▶ [Task prompt]: Word-for-word transcription: reproduce all of the data, but not the pictures.

▶ [Dataset extract]:
⟨

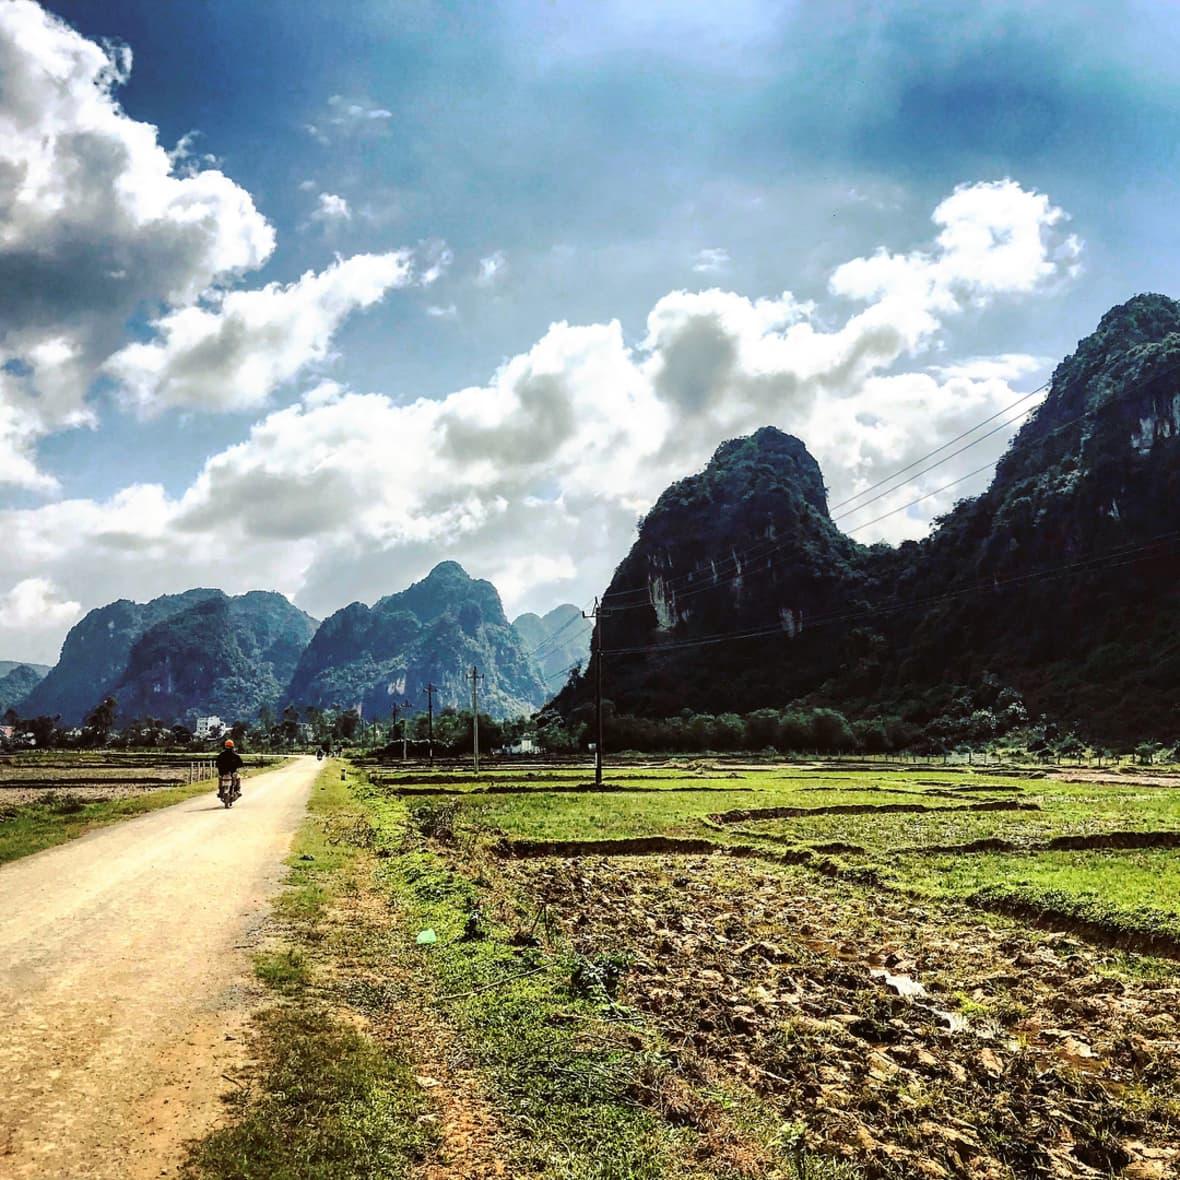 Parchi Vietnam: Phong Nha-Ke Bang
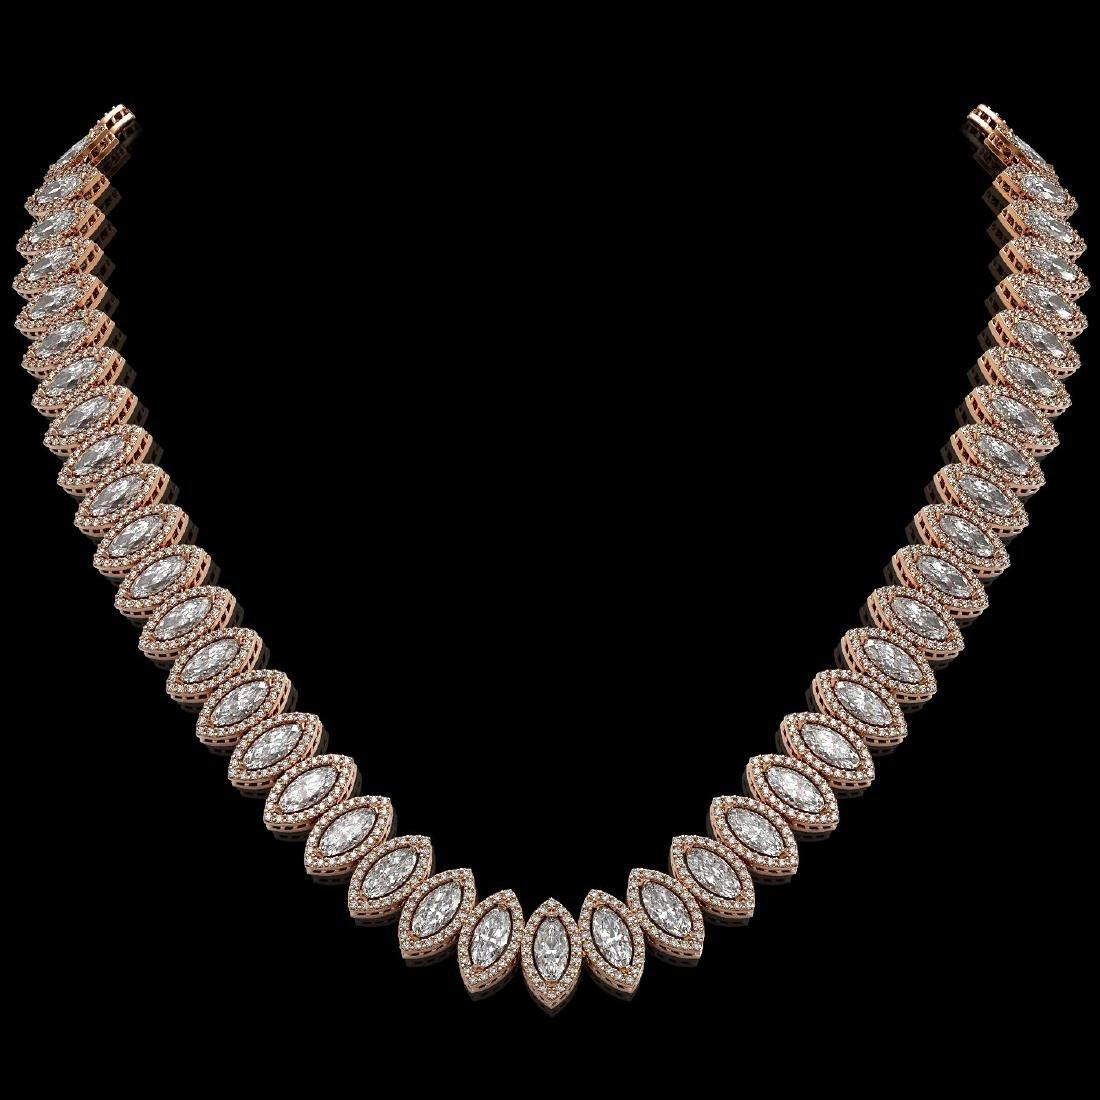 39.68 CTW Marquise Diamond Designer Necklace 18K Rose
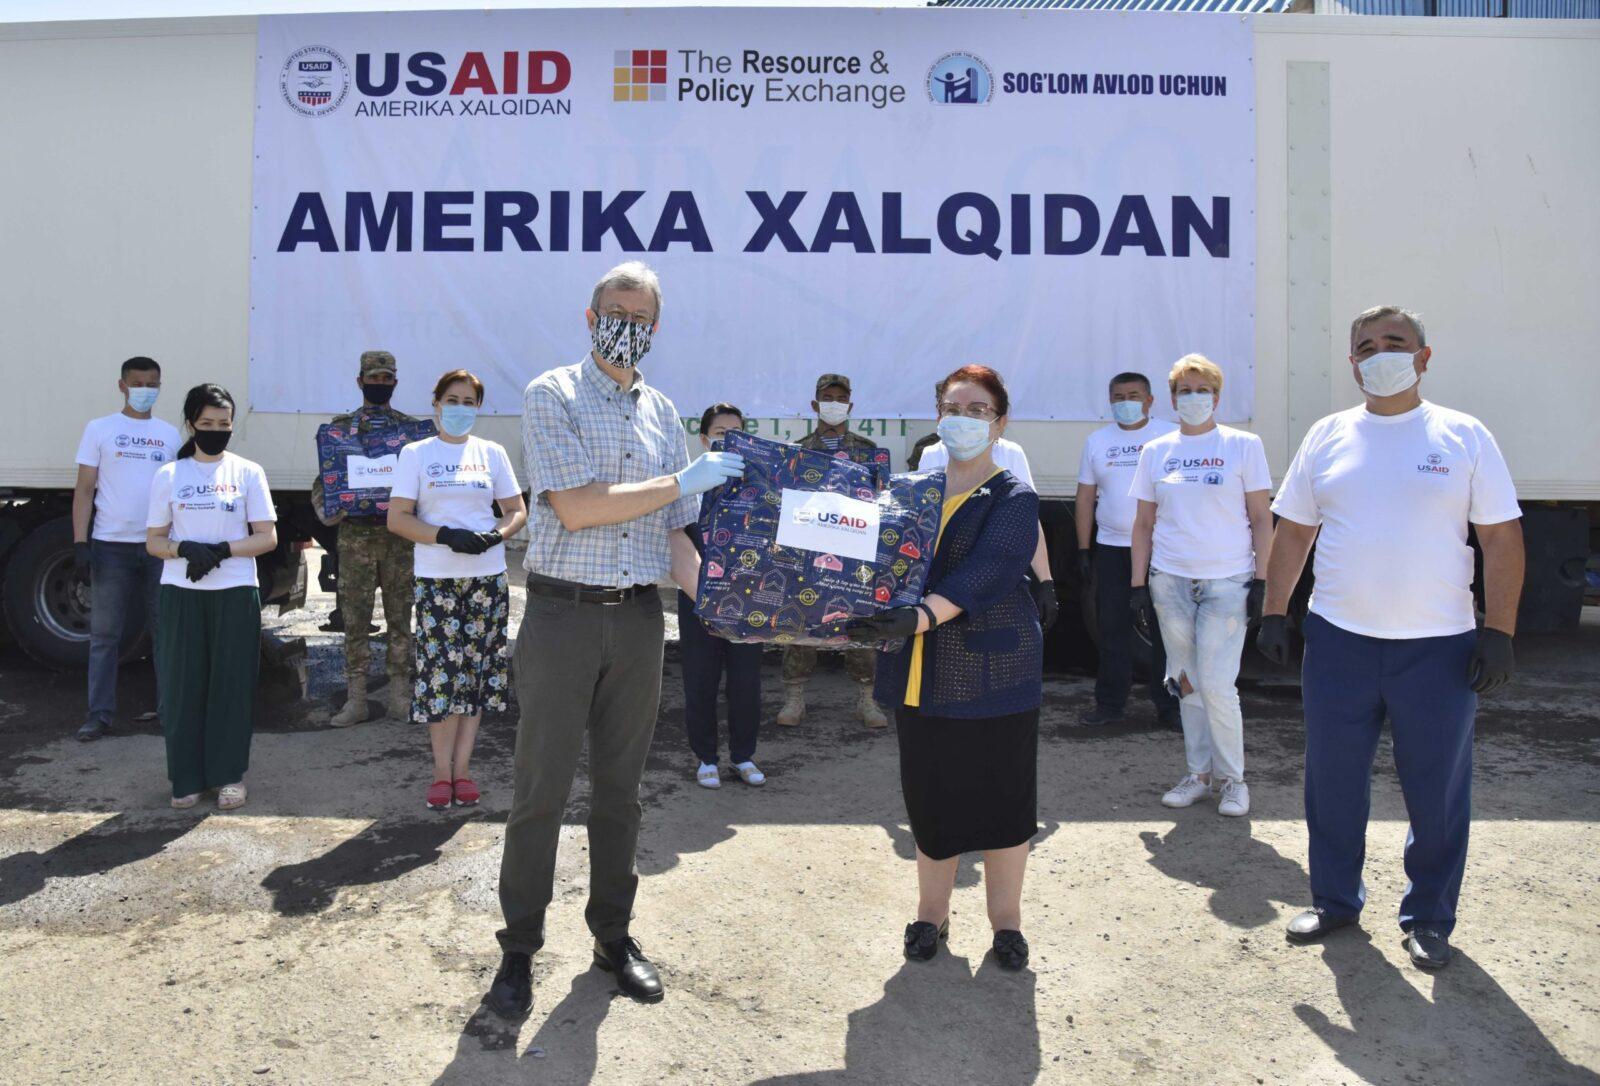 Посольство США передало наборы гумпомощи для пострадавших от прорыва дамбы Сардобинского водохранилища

⟩

▶ [Solution for this problem]:
 Parchi Vietnam: Phong Nha-Ke Bang
 39.68 CTW Marquise Diamond Designer Necklace 18K Rose
 Посольство США передало наборы гумпомощи для пострадавших от прорыва дамбы Сардобинского водохранилища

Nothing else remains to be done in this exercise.